Киномания - [49]

Шрифт
Интервал

Клер с явной неохотой признавала, что такие приемы и в самом деле могут производить желаемое впечатление. Во время двух следующих просмотров, состоявшихся в тот день (каждый раз мы использовали новую последовательность катушек), она утверждала, что там должны быть какой-то подспудный повествовательный элемент, какая-то линия психологического развития, благодаря которым образы фильма приобретают свою необоримую власть. Теперь, много лет спустя, когда достоинства «утраченных фильмов» Касла (первым из них был найден «Иуда») всеми признаны и нашли множество подражателей, трудно представить человека, который осуждал бы их так, как Клер. Ей претил механический расчет, каким достигалось воздействие «Иуды» на зрителя. Она неохотно признавала достижения режиссера, но хотела, чтобы они объяснялись эстетическим чувством, основанным на узнаваемых литературных ценностях. Я помню, еще до просмотра «Иуды Йедермана» Клер говорила мне, что если фильм или другое произведение искусства способно дать толчок нашим глубинным и непроизвольным психическим процессам, то было бы неверно пользоваться этим его свойством. Такое следует считать недопустимым, а критика не должна призывать к этому художника. Она утверждала, что искусству следует входить в нашу жизнь через критический ум. Иначе оно может стать наркотиком.

Несколько дней подряд, снова и снова просматривая «Иуду», Клер занималась поисками эстетического метода — какого-нибудь малозаметного приема, с помощью которого в образы, созданные Каслом, были втиснуты сюжетная линия или структура характера. Фактически она сдалась втихомолку. «Иуда» не представлял собой фильма в том виде, в каком ома знала и любила фильмы, но его эмоциональная сила была несомненной. Шарки же, напротив, воспринял фильм с безграничным энтузиазмом. Секрет его, по убеждению Шарки, крылся в чисто формальных особенностях: монтаже, освещении, ритме, ракурсах съемки. Я впервые понял, что пусть Шарки и не крепнет умом и телом, но если ему удается продержаться некоторое время трезвым, то все еще может выдать впечатляющий критический разбор картины. Именно он обратил наше внимание на то, как Касл пользуется лестницами: камера всегда располагается под каким-то безумно головокружительным углом и показывает бегущую — непременно вниз — фигуру сзади. Через весь фильм проходил зрительный лейтмотив отчаянного зигзагообразного погружения во всеохватный мрак. Позор, страх, проклятие… идеальный образ.

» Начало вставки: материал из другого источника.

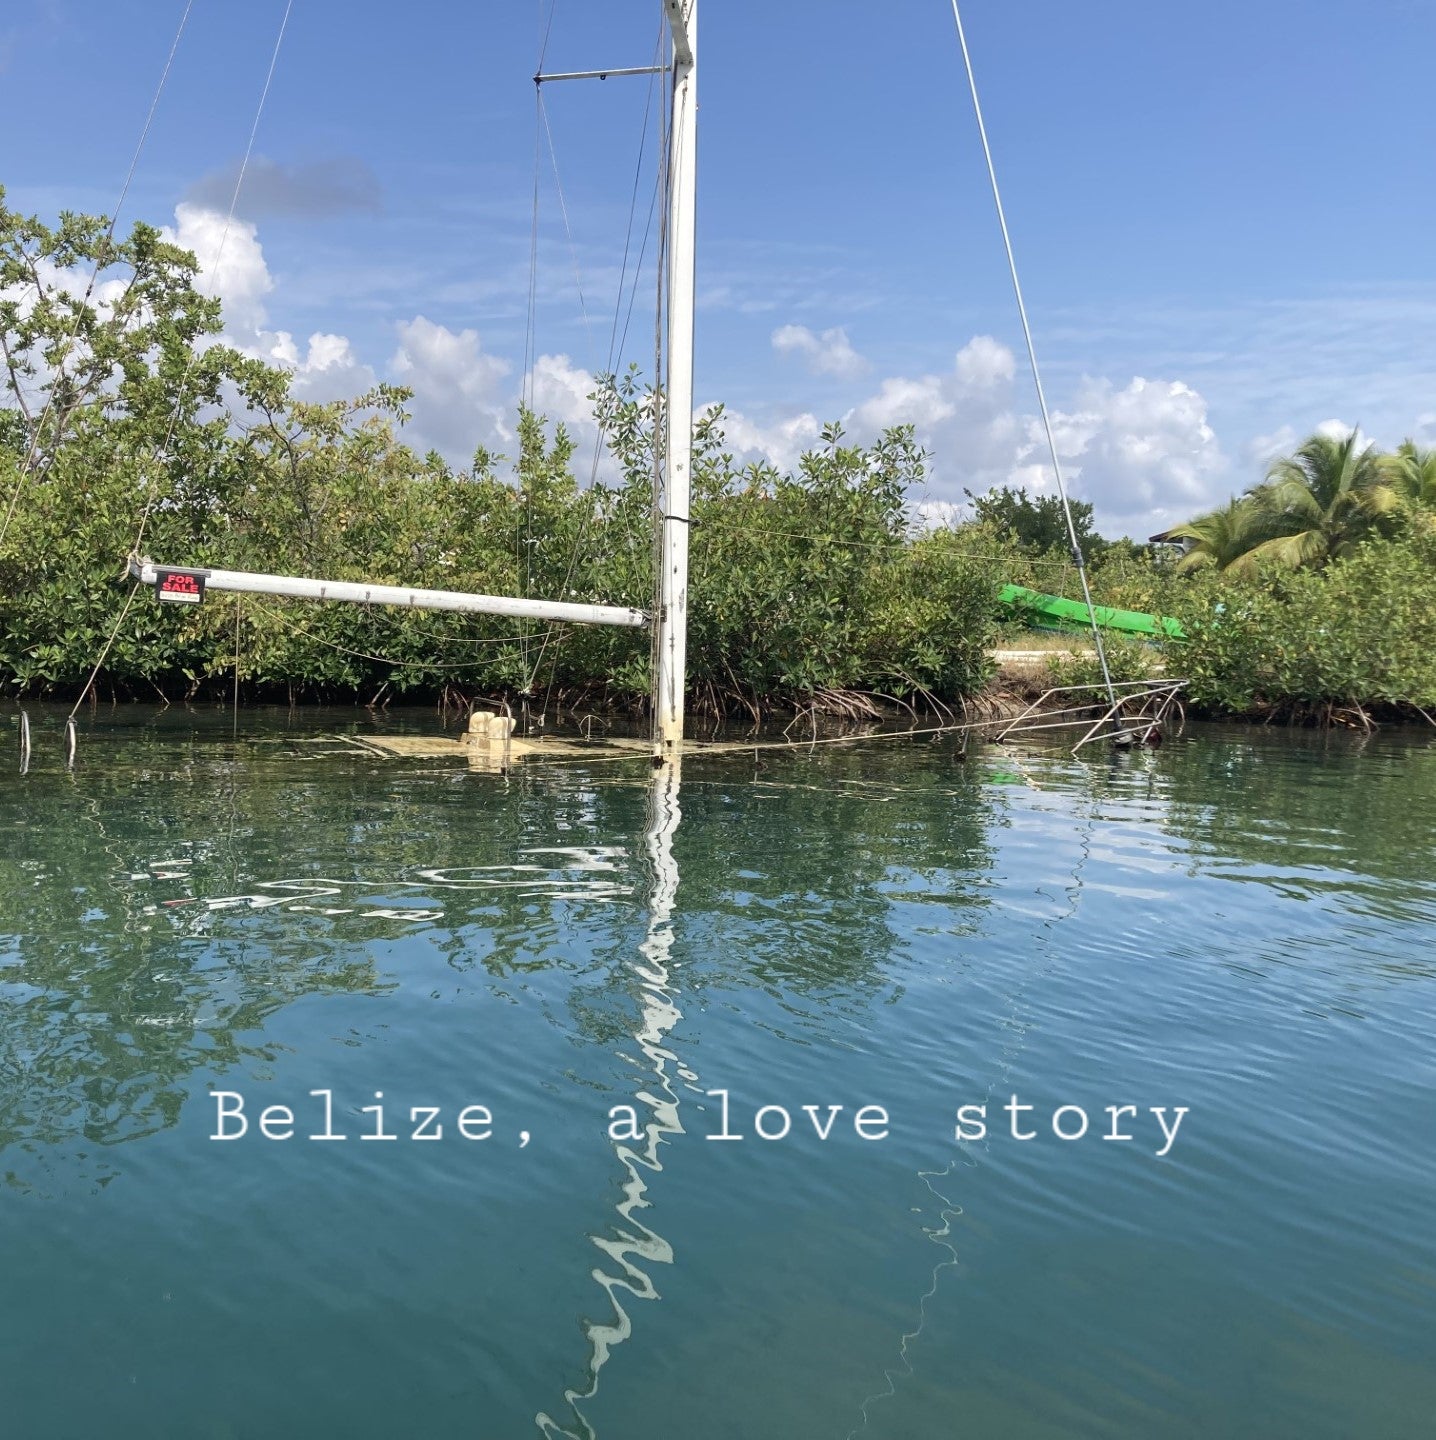 Belize: a love story

Наш последний просмотр «Иуды» в тот день превратился в изматывающий разбор каждого эпизода и непрестанные попытки Шарки убедить Клер в своей правоте. И лишь постепенно стало до меня доходить, что мое собственное понимание Макса Касла как раз и рождается в спорах между Клер и Шарки — между неприятием и энтузиазмом. Я слушал их обоих. Я склонялся то к одному, то к другому. Но в глубине души я чувствовал, что не прав никто, потому что ни один из них до конца не понял истинного пафоса фильма. Их анализ делался по горячим следам, когда они еще не успели открыться полностью, как, казалось мне, открылся я; а с каждым новым просмотром мне хотелось открыться еще больше, принять болезненное вторжение искусства Касла, подобное скальпелю хирурга, что вторгается в живую плоть ради исцеления.

У фильма был свой смысл — Клер утверждала, что у каждого фильма должен быть смысл. Но этот смысл лежал глубже литературных особенностей, которые она пыталась обнаружить, и глубже технических трюков, которые занимали Шарки. Даже Шеннон, так неосмотрительно отдавшаяся во власть Касла, сделала только первый шаг на пути, подсказанный ей наивной интуицией. Да, нас всех заставили почувствовать вину Иуды. Но для чего? С какой целью? Инстинктивно я знал, что ответ на этот вопрос скрыт в самом фильме. Если бы я в тот момент осмелился облечь эту мысль в слова, то сказал бы (не отдавая себе полностью отчета в том, что говорю), что ответ нужно искать в самом художественном средстве. Я тогда впервые столкнулся с творением, которому настолько требовалось быть фильмом, чтобы сказать то, о чем оно хотело сказать. Ему необходима была эта темная нора, называемая кинотеатром, этот прямоугольник пляшущего света, называемый экраном, так похожий на дверь в иной мир, это присутствие завороженных глаз, впитывающих мелькающие перед ними образы.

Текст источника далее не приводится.